University Of Victoria Department Of Women’s Studies

By | January 13, 2022

University Of Victoria Department Of Women’s Studies, UVic women’s studies courses were first offered in 1979, after six years of student demand and much lobbying by professors who supported the idea. Drs. Paddy Tsurumi, Constance Rooke and Jenny Waelti-Walters (above, L to R) were the “founding mothers.” Tsurumi’s button read, “Question Authority!”



Gender studies is a serious academic discipline, with courses and programs at North American universities for almost 40 years. It is one of the most dynamic new fields of research and scholarship.

The University of Victoria is widely recognized as having one of the best undergraduate gender studies programs in the country. UVic gender studies instructors have won teaching awards and prestigious research grants in recognition of their excellence and commitment.In response to student demand, women’s studies courses were first offered at UVic in 1979. In 2016, the department name changed to the Department of Gender Studies. Today, you can follow an honours, major or minor/general program in gender studies, or take one or more courses as electives.

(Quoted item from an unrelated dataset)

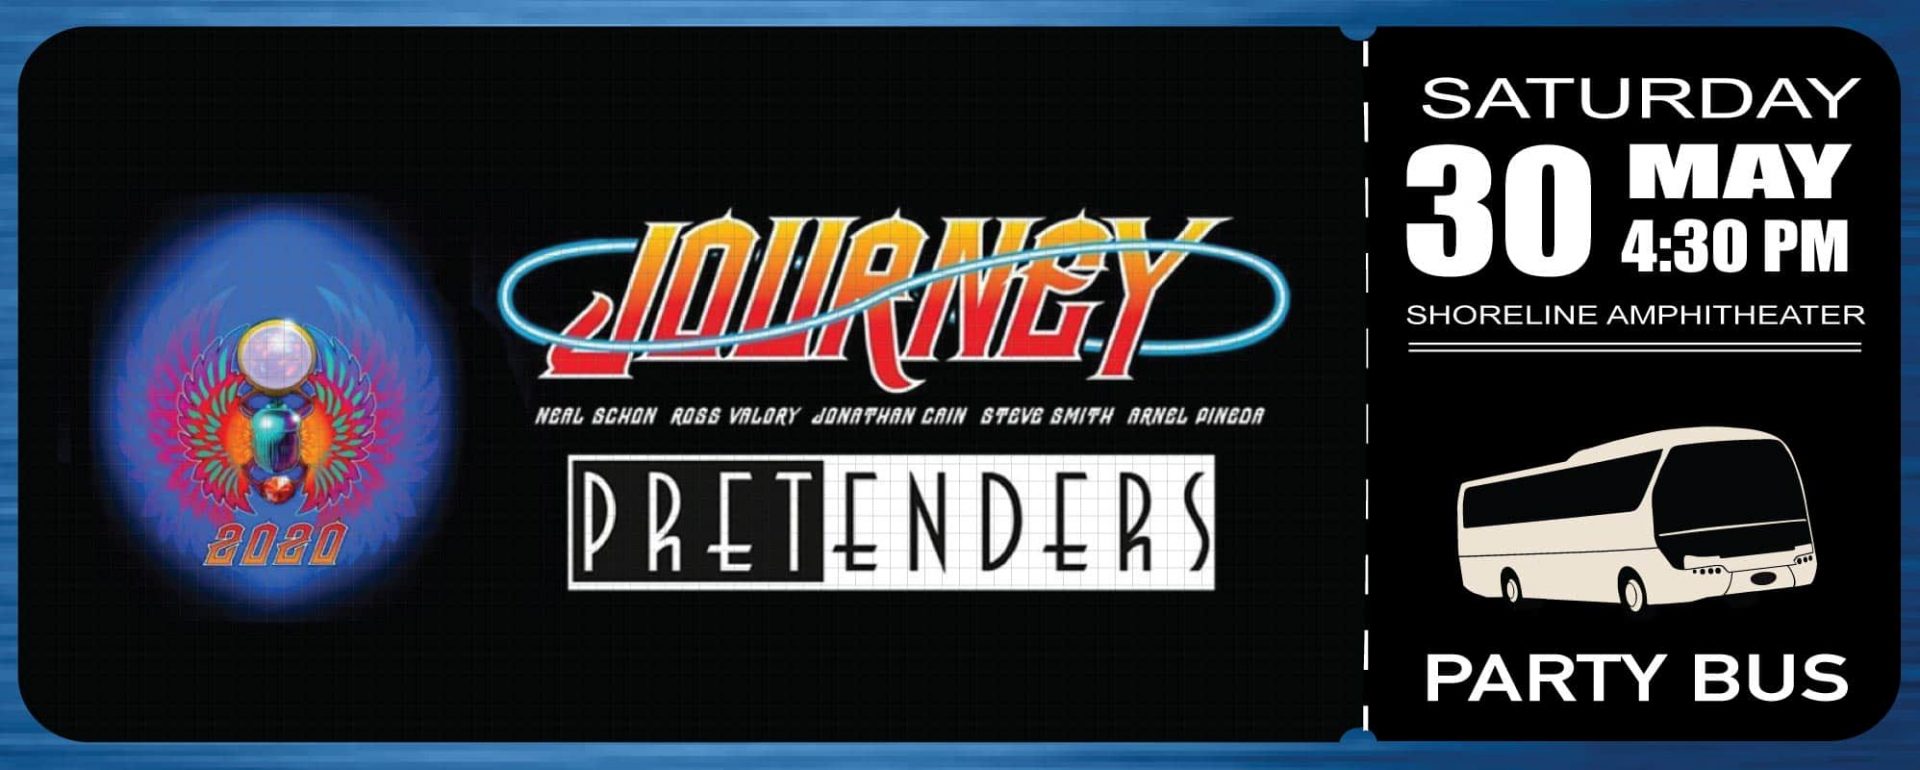 Journey and The Pretenders Concert Shuttle

All UVic students are welcome in gender studies. You can choose from courses based on a broad range of feminist knowledge that includes Indigenous women’s writing and film, the medicalization of sex, feminist perspectives on popular culture, gender and international development, queer studies, the construction of masculinities, human rights and globalization, anti-racist education and activism, girlhood studies, international trafficking in women, and gender, nation and war.



 

UVic gender studies mission statement



The Department of Gender Studies at the University of Victoria offers students a range of cutting edge courses that address ‘gender’ as a social construction that intersects with other categories of difference within networks of power. Course topics include examinations of the relationships between gender and race, nation, citizenship, geographical location, class, sexuality, sex, ability, and age in the contexts of colonization, capitalism, globalization, and transnationalism. Interdisciplinary faculty research frames the department’s curriculum and its areas of analysis: Indigenous resurgence, anti-racism, nationalisms, human rights and development, medicalization, girlhoods, cultural production, and post-structuralism. Gender Studies, a discipline previously identified as Women’s Studies, continues to highlight historical and contemporary feminist scholarship, but also broadens this established approach with courses inclusive of queer and trans perspectives as well as the production of masculinities. Underlying all Gender Studies courses is the active pursuit of social justice enabled by critical analyses that expose inequities and interrogate their systemic foundations.